### [Provided records]
-------

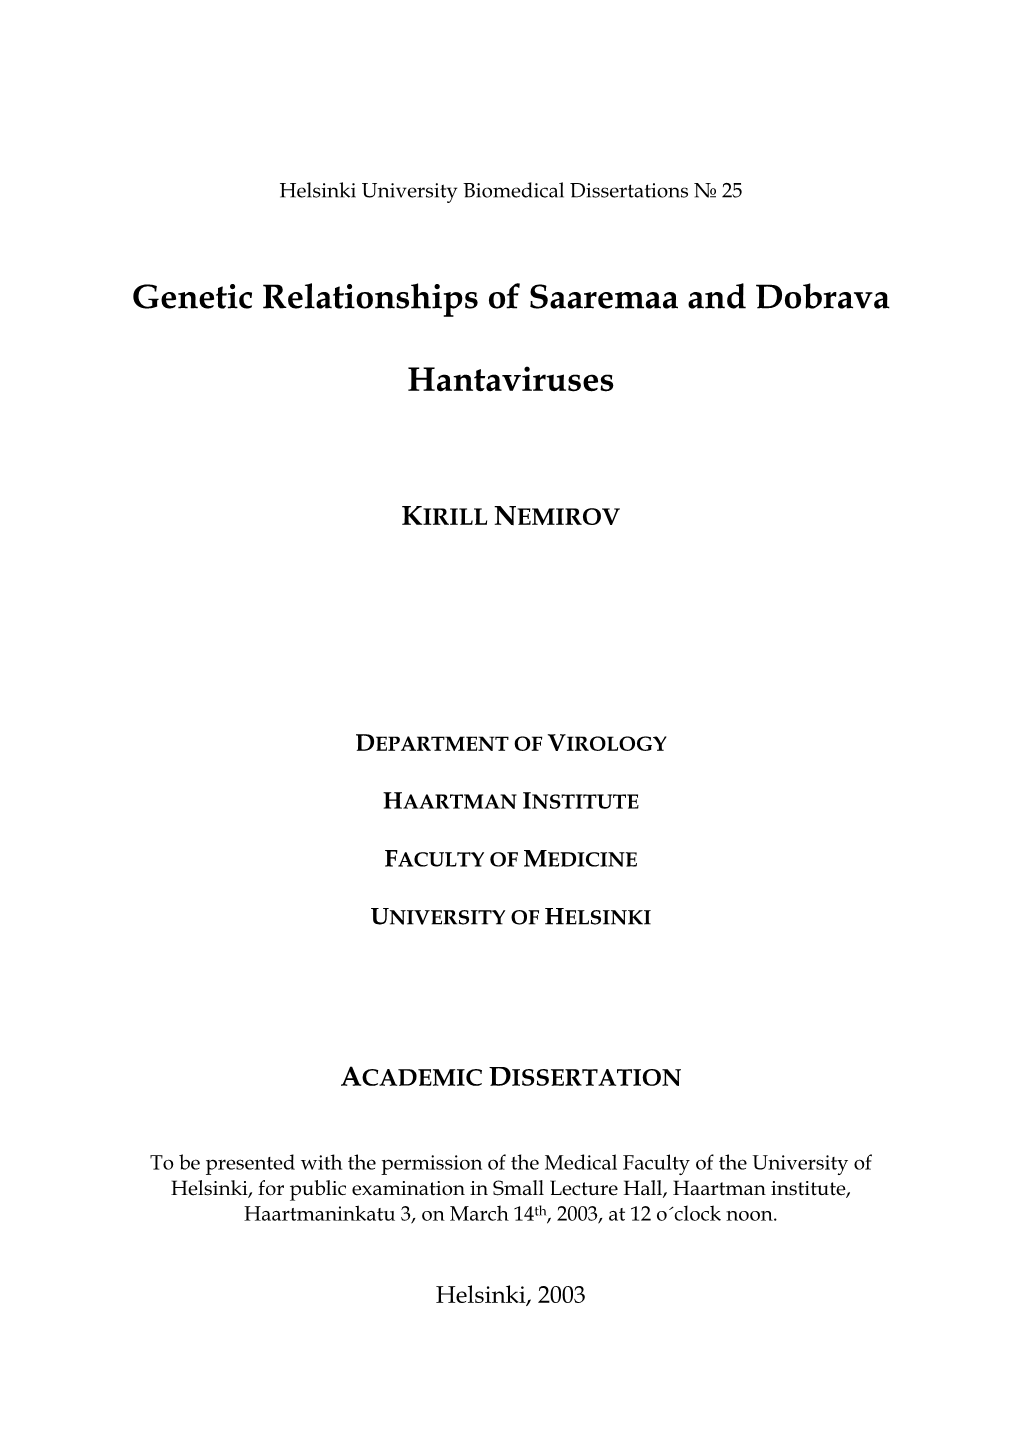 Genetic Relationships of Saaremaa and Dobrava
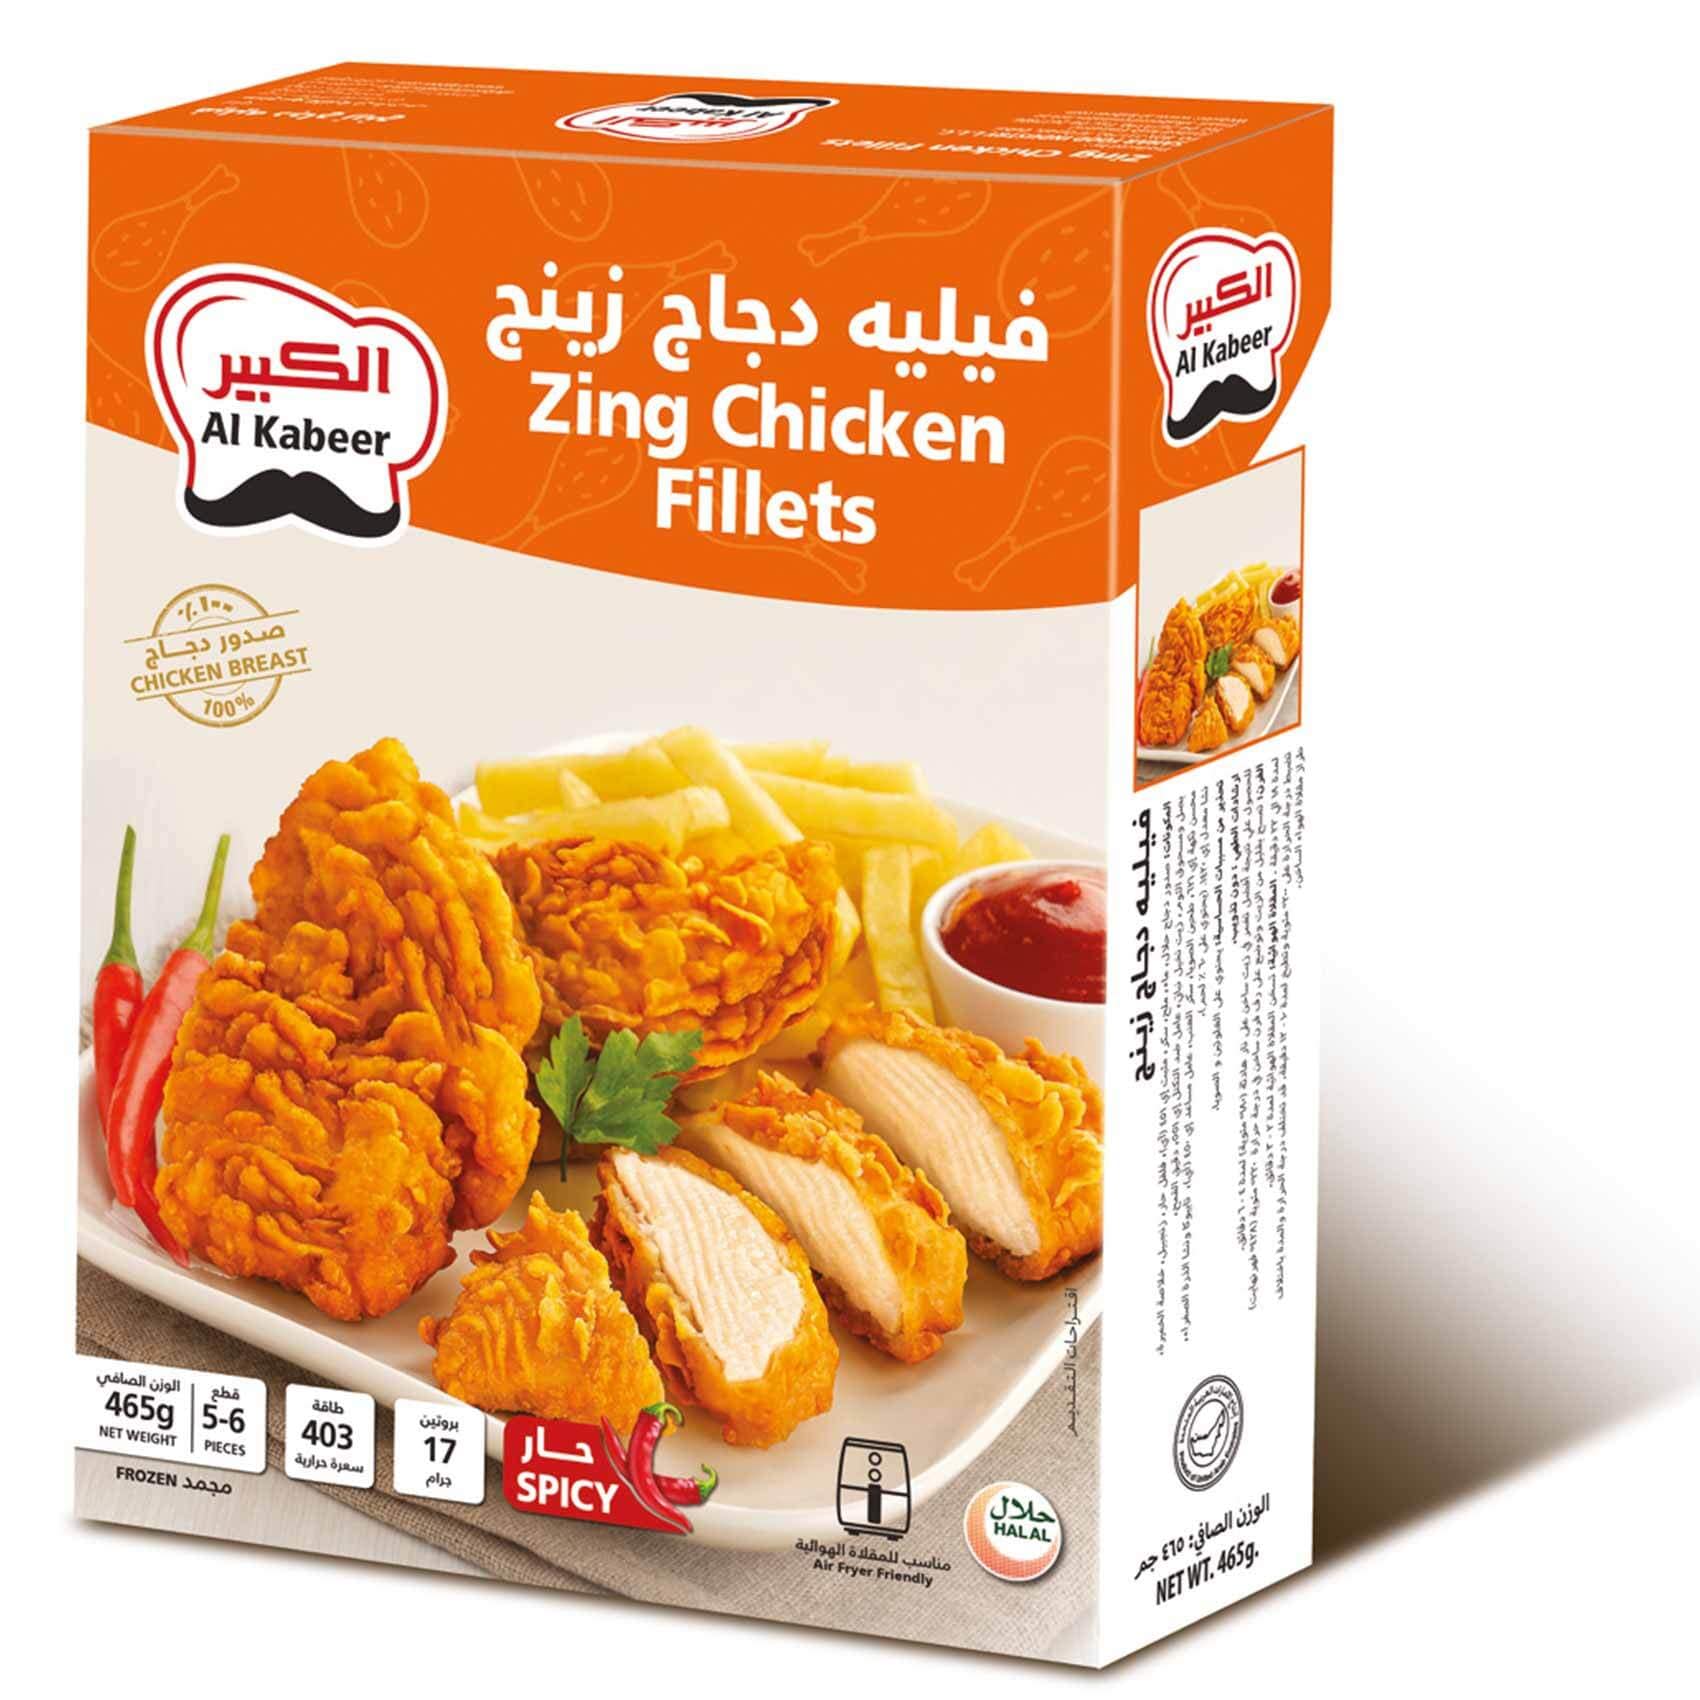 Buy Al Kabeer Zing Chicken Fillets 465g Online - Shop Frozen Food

-------

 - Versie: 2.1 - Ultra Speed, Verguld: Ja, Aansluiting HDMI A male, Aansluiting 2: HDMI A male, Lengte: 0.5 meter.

-------

### [What the task requires]
Give back exactly, and solely, the section of the data above bounded by the line containing "Genetic Relationships of" and the line containing "Buy Al Kabeer", both bounding lines included and pictures omitted.

### [Response area]
 Genetic Relationships of Saaremaa and Dobrava
 Buy Al Kabeer Zing Chicken Fillets 465g Online - Shop Frozen Food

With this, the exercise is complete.